Unexpected Marketing Lessons Through the Transparency of charity:water at IWNY 2013
Internet Week New York 2013 (IWNY) was held last week at the Metropolitan Pavilion, “in the heart of Silicon Alley,” as the IWNY website put it. The pavilion is an open space with a warm feel to it, an apt place for the startup and tech world. This is the view as I walked in on Thursday:
The view from the IWNY entrance.
Every time that I attend one of these events, it motivates me. Perhaps it is the people, maybe it’s the innovation, or generally it could be that everyone is there because they want to learn and explore. Unlike, NY Tech Day
a month ago, this event is more about the community of, and the culture of innovation in the Internet business world. NY Tech Day was a place for startups and small businesses to exhibit their wares, but IWNY had much loftier ambitions. IWNY was about large companies that are changing the landscape of the media and digital workplace.
On Thursday, May 23rd
when I arrived at the pavilion, Scott Harrison
was the keynote speaker who was up next. He is the founder of charity:water
, a non-profit organization that aims to bring clean water to everyone in the world. I have seen Harrison speak in videos, I follow him on twitter, and I know that charity:water is one of the biggest stories in NYC non-profit news over the past two years, but even with all this knowledge, it was still motivating to see someone, like Harrison speak about a cause in person, and to feel the passion that the person brings to their organization. As a marketer for a nonprofit technology company, I took many of the initiatives that he spoke about as gospel.
charity:water has a strategy that makes sense; they want to be as transparent as the water that they seek to provide to the world. By this, I mean that the organization wants to show its donors exactly where their money is going, and, at the same time use 100% of the donation for the cause. Harrison said that his friends always talked about the “black hole of charities” and I have heard this reasoning as well. Many people are disillusioned by charity organizations because they don’t believe that their donation is going to the people that they aim to help; or it is lost to fees and overhead expenses. This brought up a great point for me:
Show, Don’t Tell
– I had an English teacher in high school that always said this. He meant that the students in the class should use description of a scene, or an emotion in their writing and not just a general statement: “The lines furrowed my forehead as the thoughts swirled through my head” instead of “I was so mad.”

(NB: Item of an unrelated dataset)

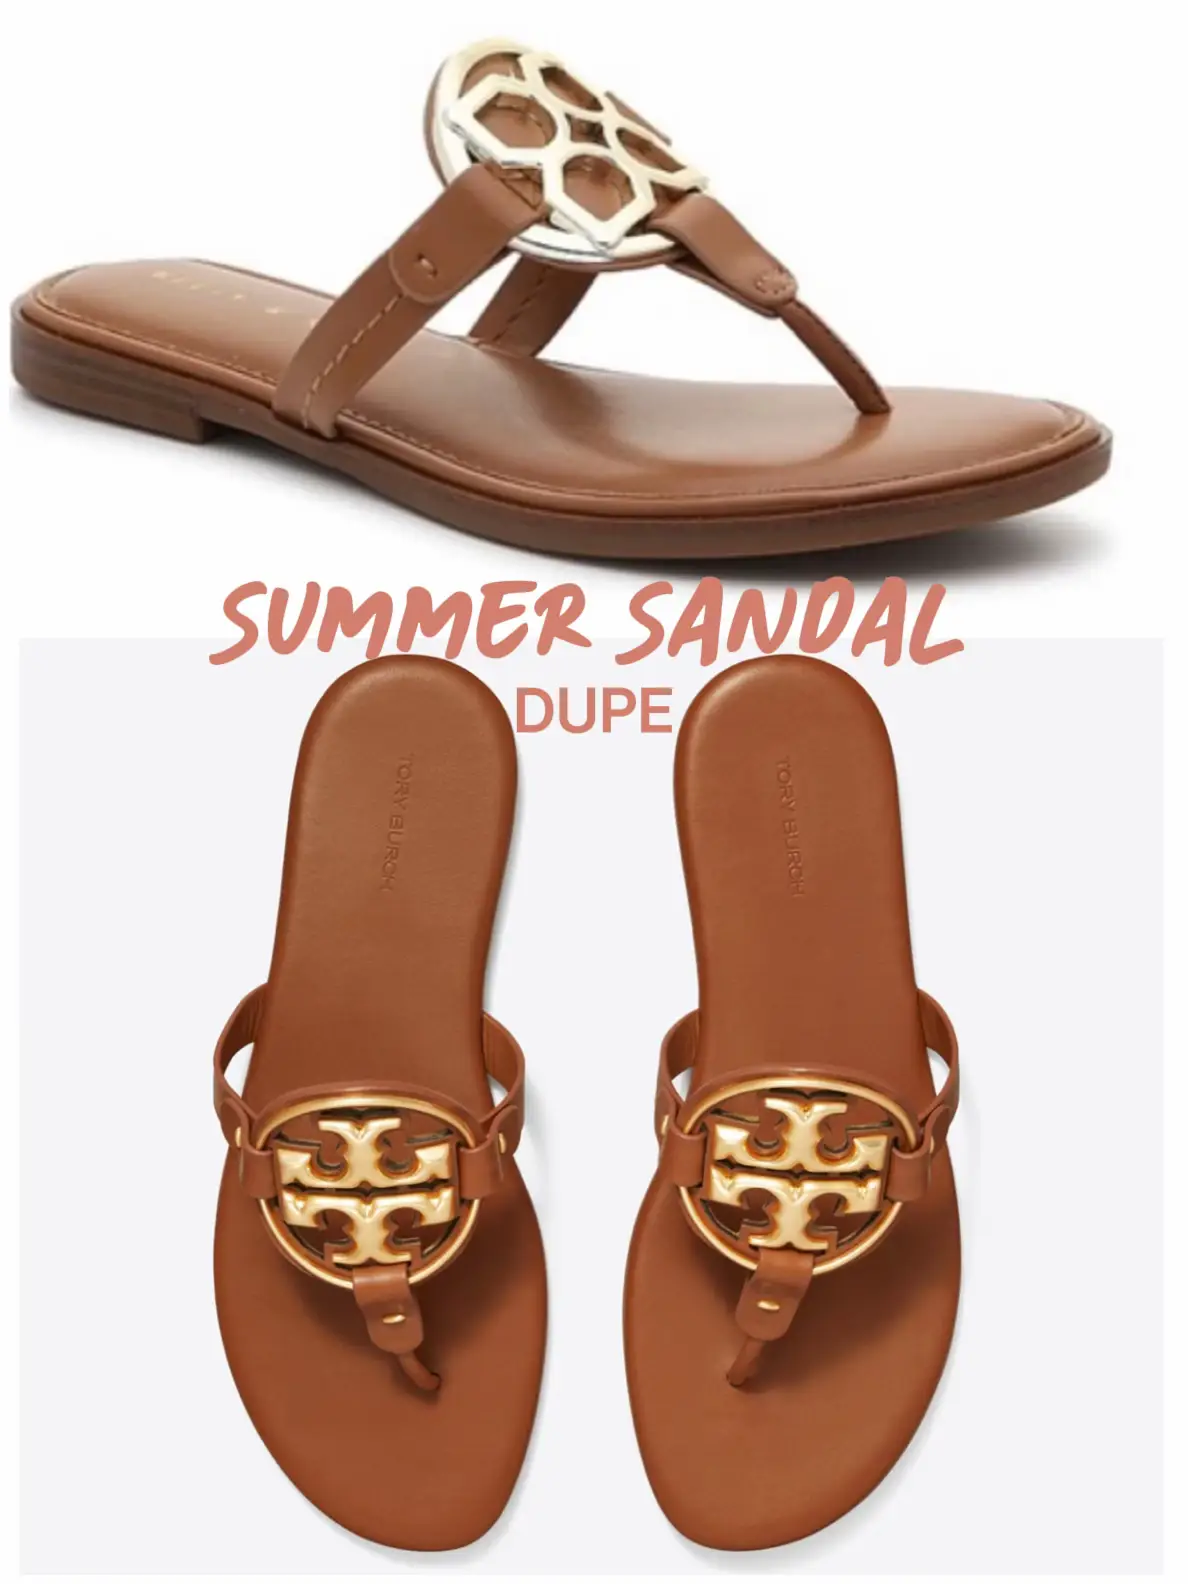 Tory Burch Miller sandals from DH Gate vs Authentic 
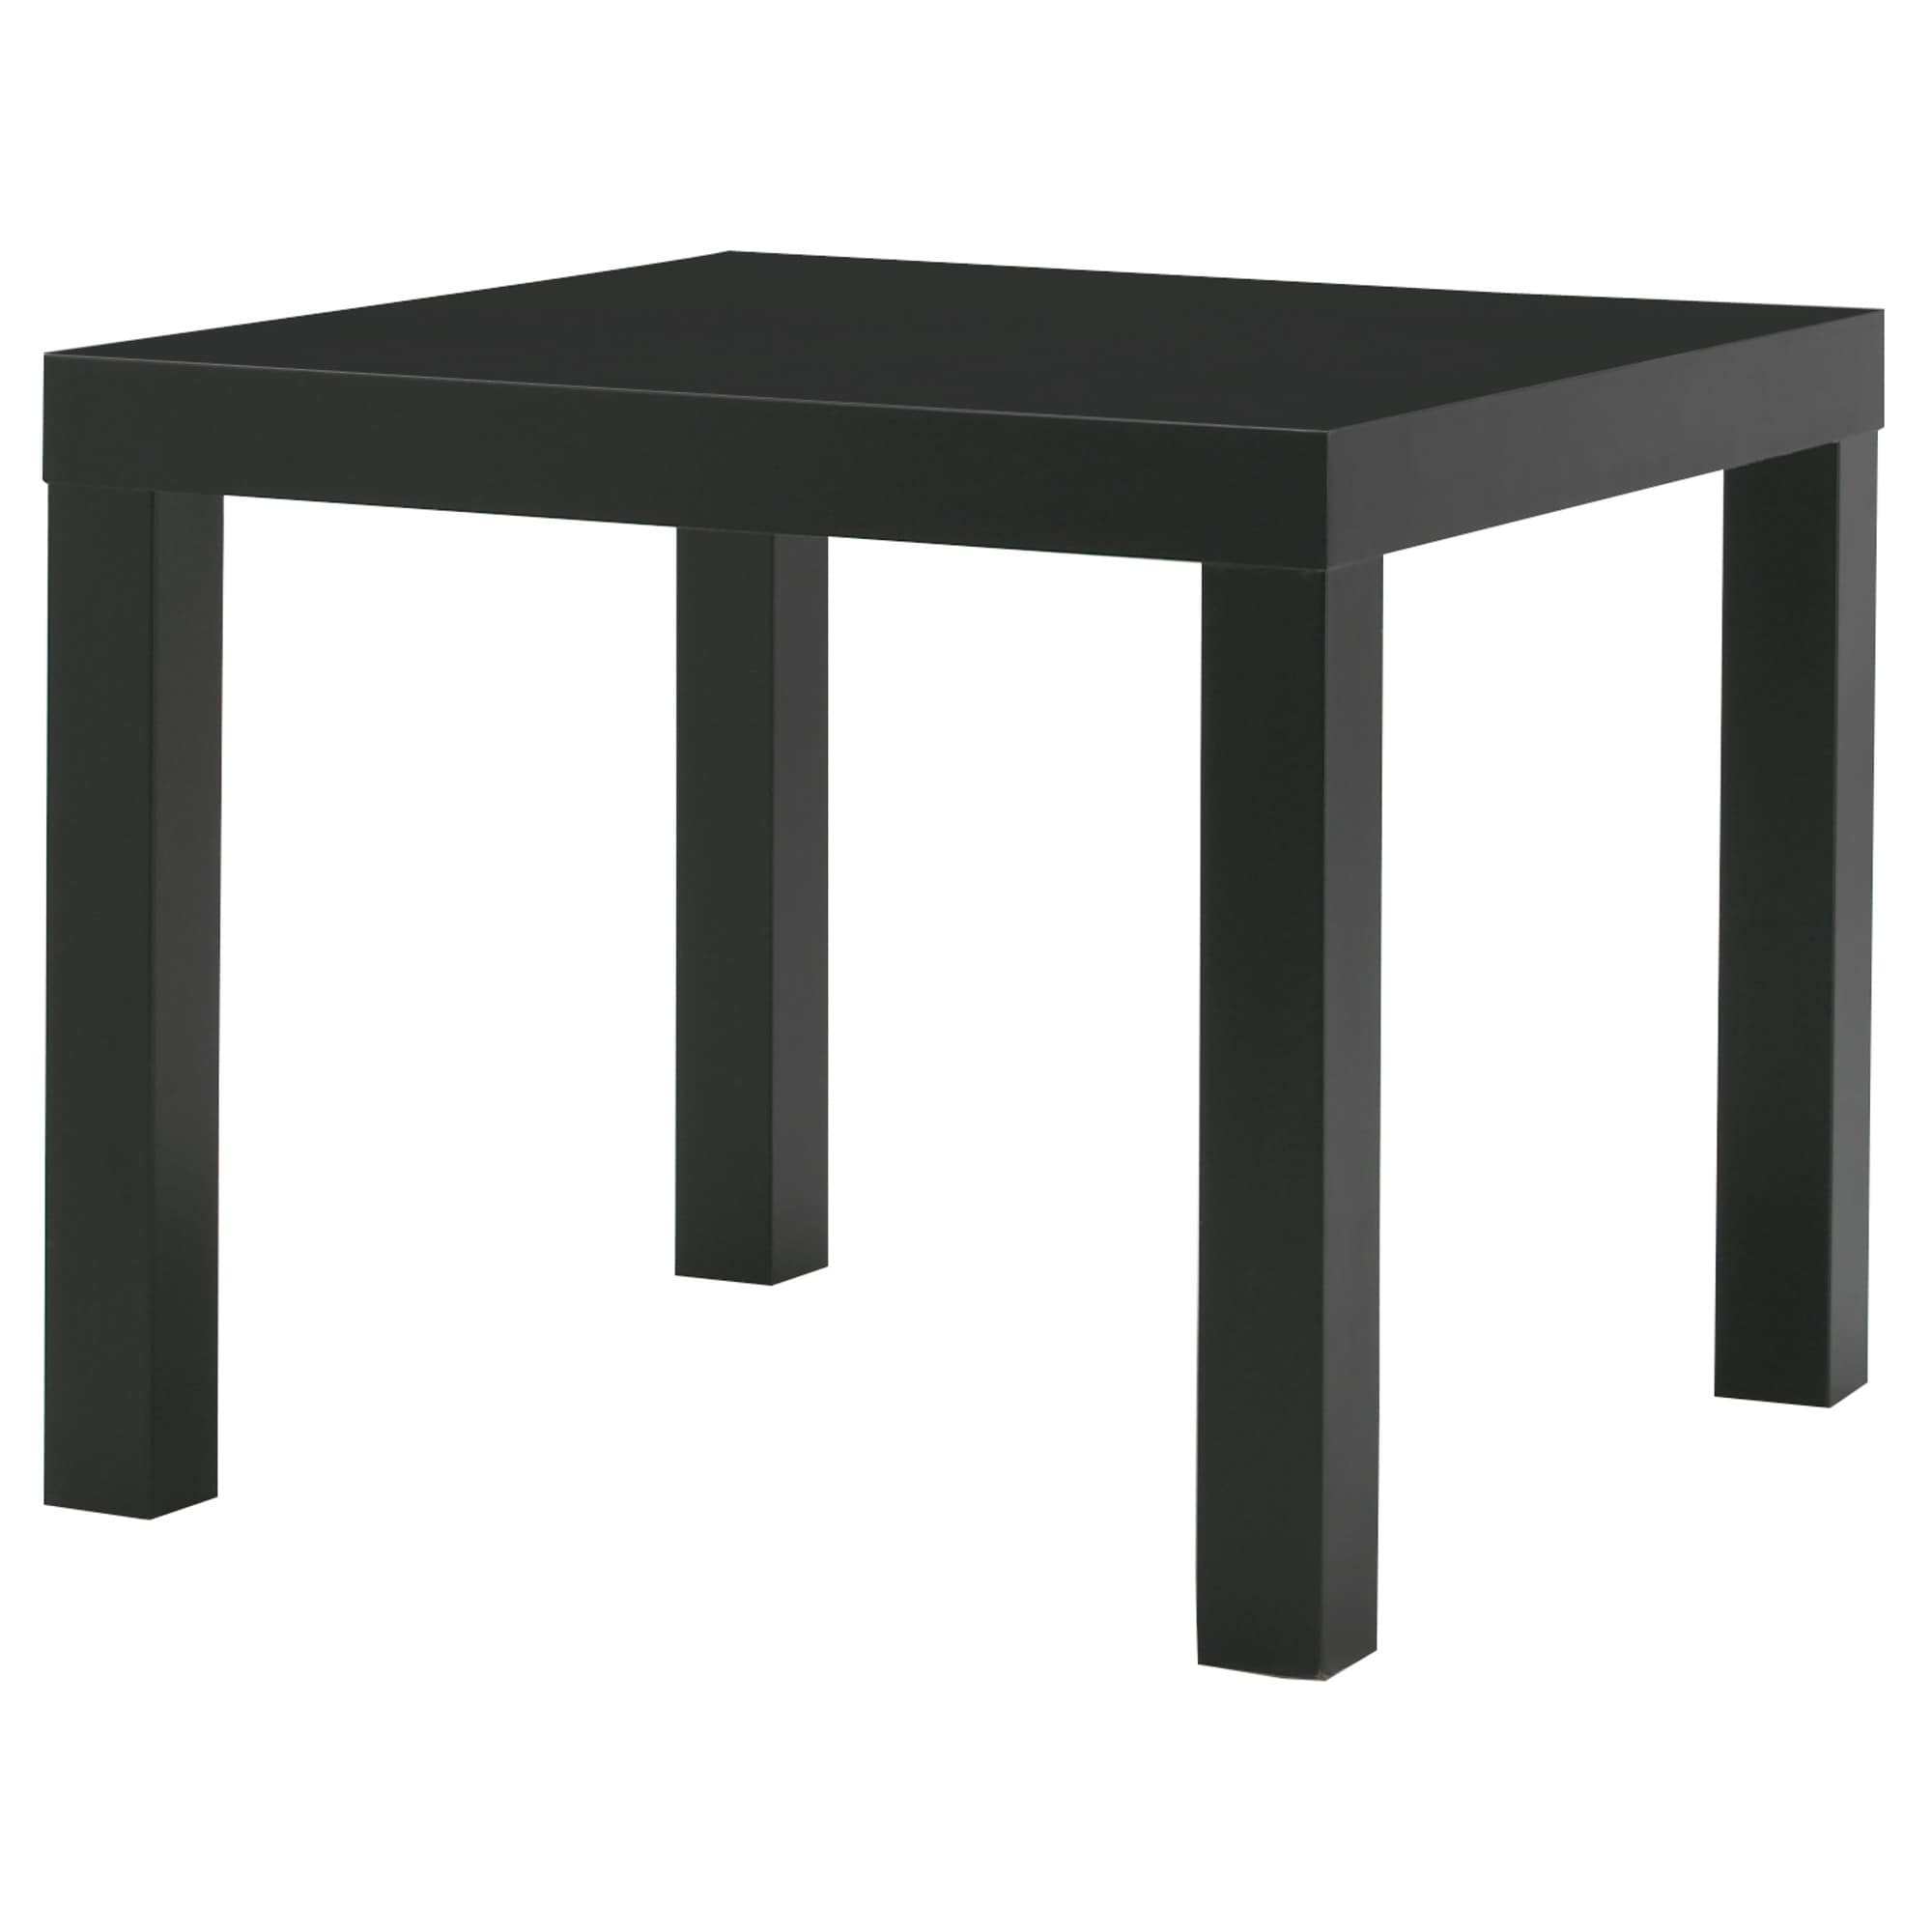 lack side table black ikea corner accent end tables for small rooms nightstand height wooden outdoor cooler wood pedestal stand coastal inspired lamps target wall decor west elm

This lesson translates to nonprofit marketing strategies in a simple way. Think of an organization’s website or its Facebook page as the “face of the organization.” Now, show the visitors, don’t simply tell them with your content and discussions.
- Share things that exemplify what your organization does and support things that your audience will relate to and, in turn, will relate back to you.
- Be transparent in your writing, and by this I mean that your content should reflect a personal/human touch and not be proselytizing.
- Show your audience the end results of your work. Let those that support your organization see that results are happening and that the money donated, or the time given is well worth the effort.
The goal of this is to relate to those who would be your patrons, or your donors. The core message that came from Scott Harrison, with all of his wonderful stories of hope and change, is that organizations need to, more now than ever before, in this new Internet landscape, to be transparent and relatable to the people that support them.